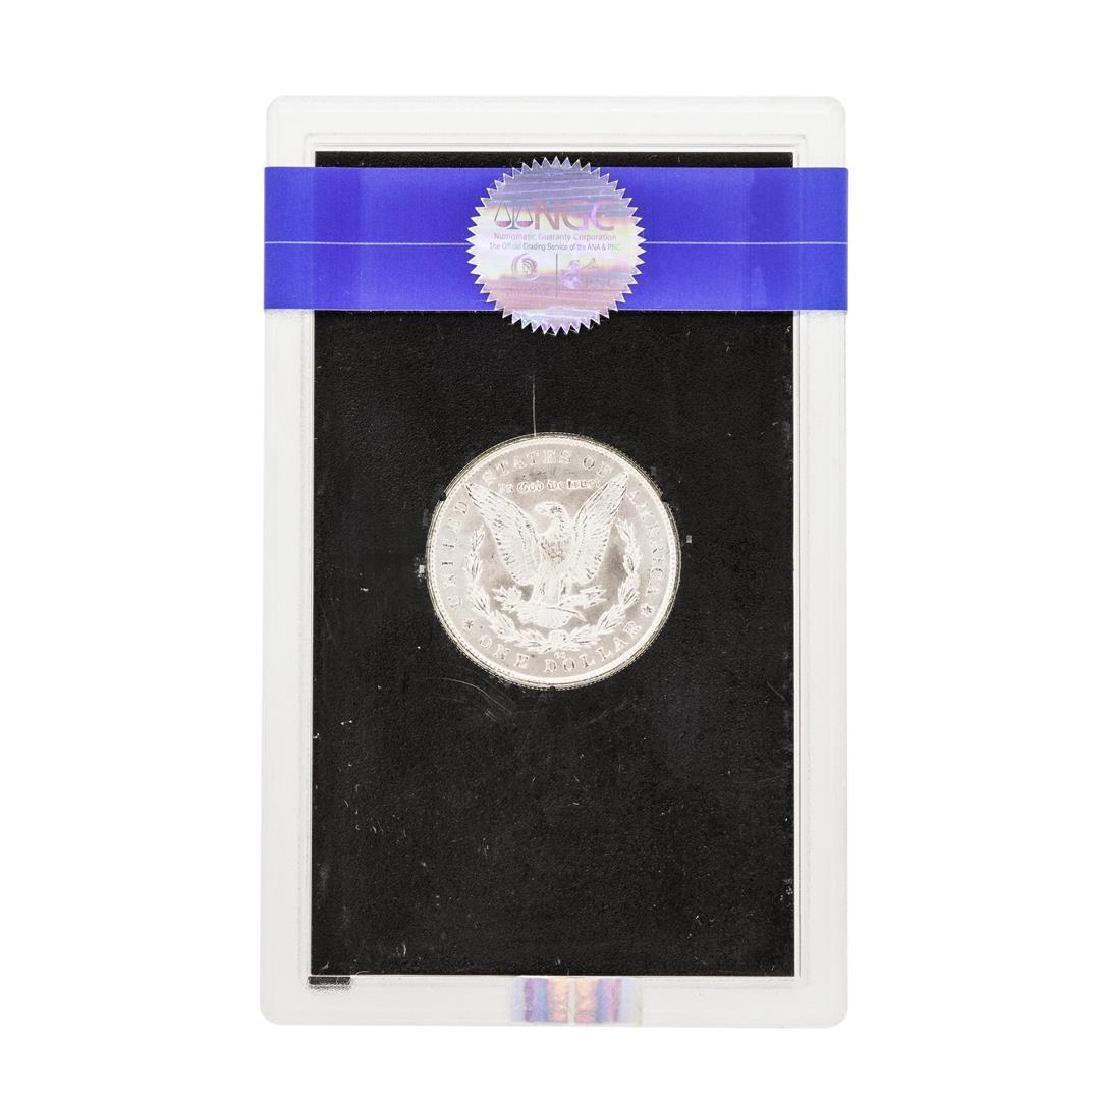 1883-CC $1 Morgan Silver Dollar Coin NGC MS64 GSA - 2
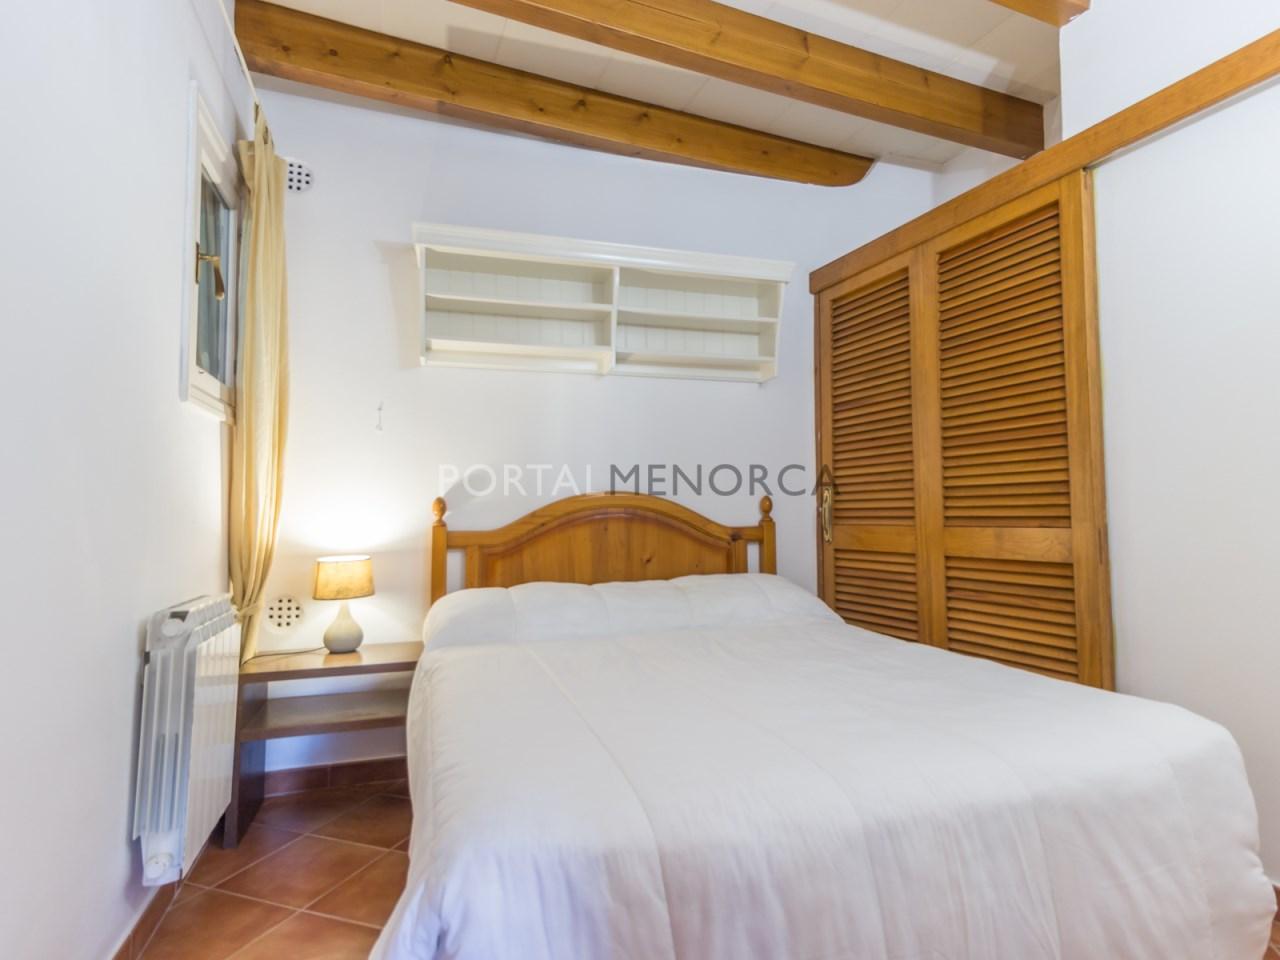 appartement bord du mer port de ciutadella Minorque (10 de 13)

---

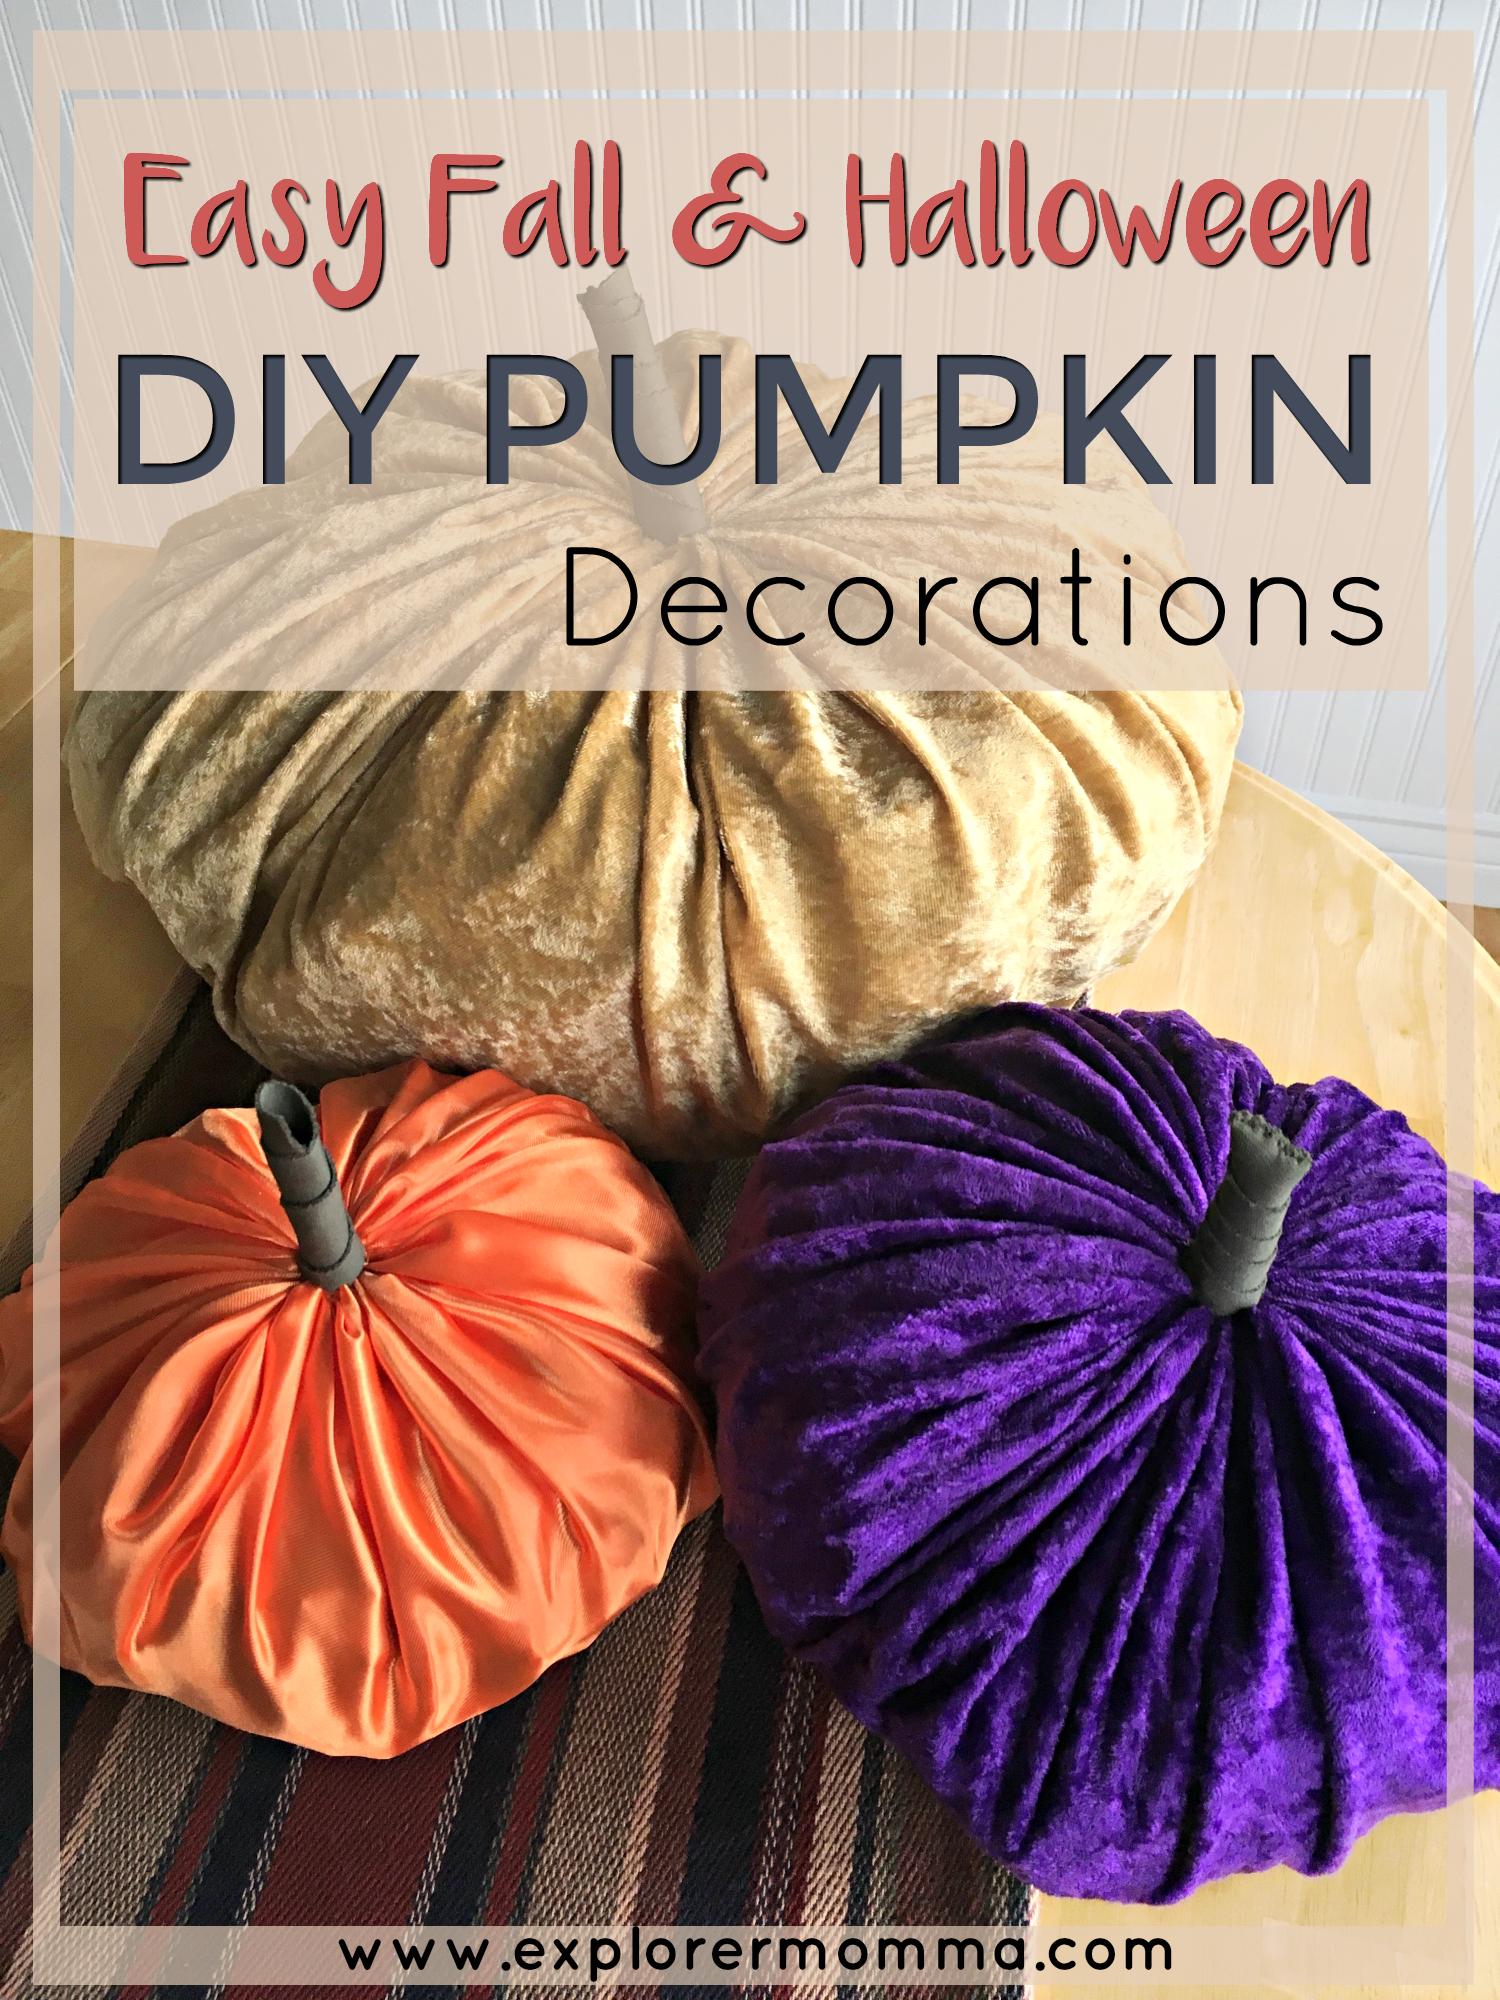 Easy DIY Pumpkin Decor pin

...

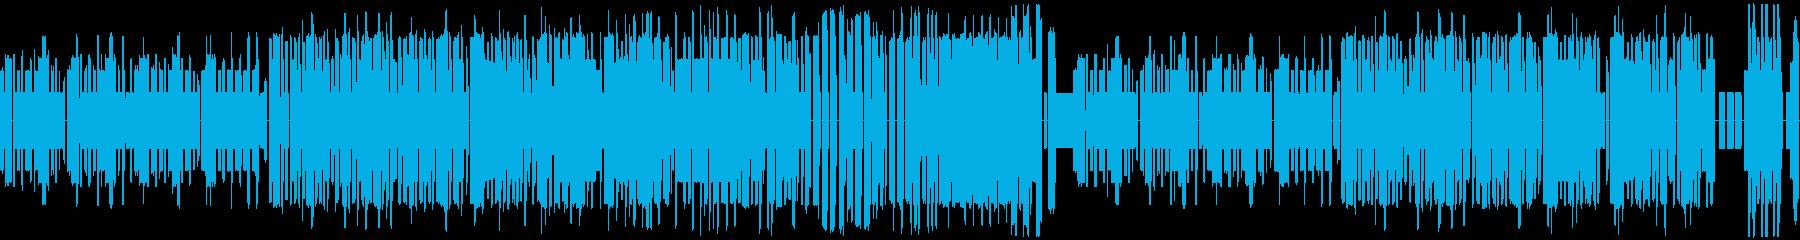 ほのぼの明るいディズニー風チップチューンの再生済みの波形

WORK ORDER
The lines above starting at the one that holds "1883-CC $1 Morgan" and ending at the one that holds "appartement bord du" are to be written out exactly, ends included, and no pictures are to be copied.

RESULT OF THE TASK
 1883-CC $1 Morgan Silver Dollar Coin NGC MS64 GSA - 2
 appartement bord du mer port de ciutadella Minorque (10 de 13)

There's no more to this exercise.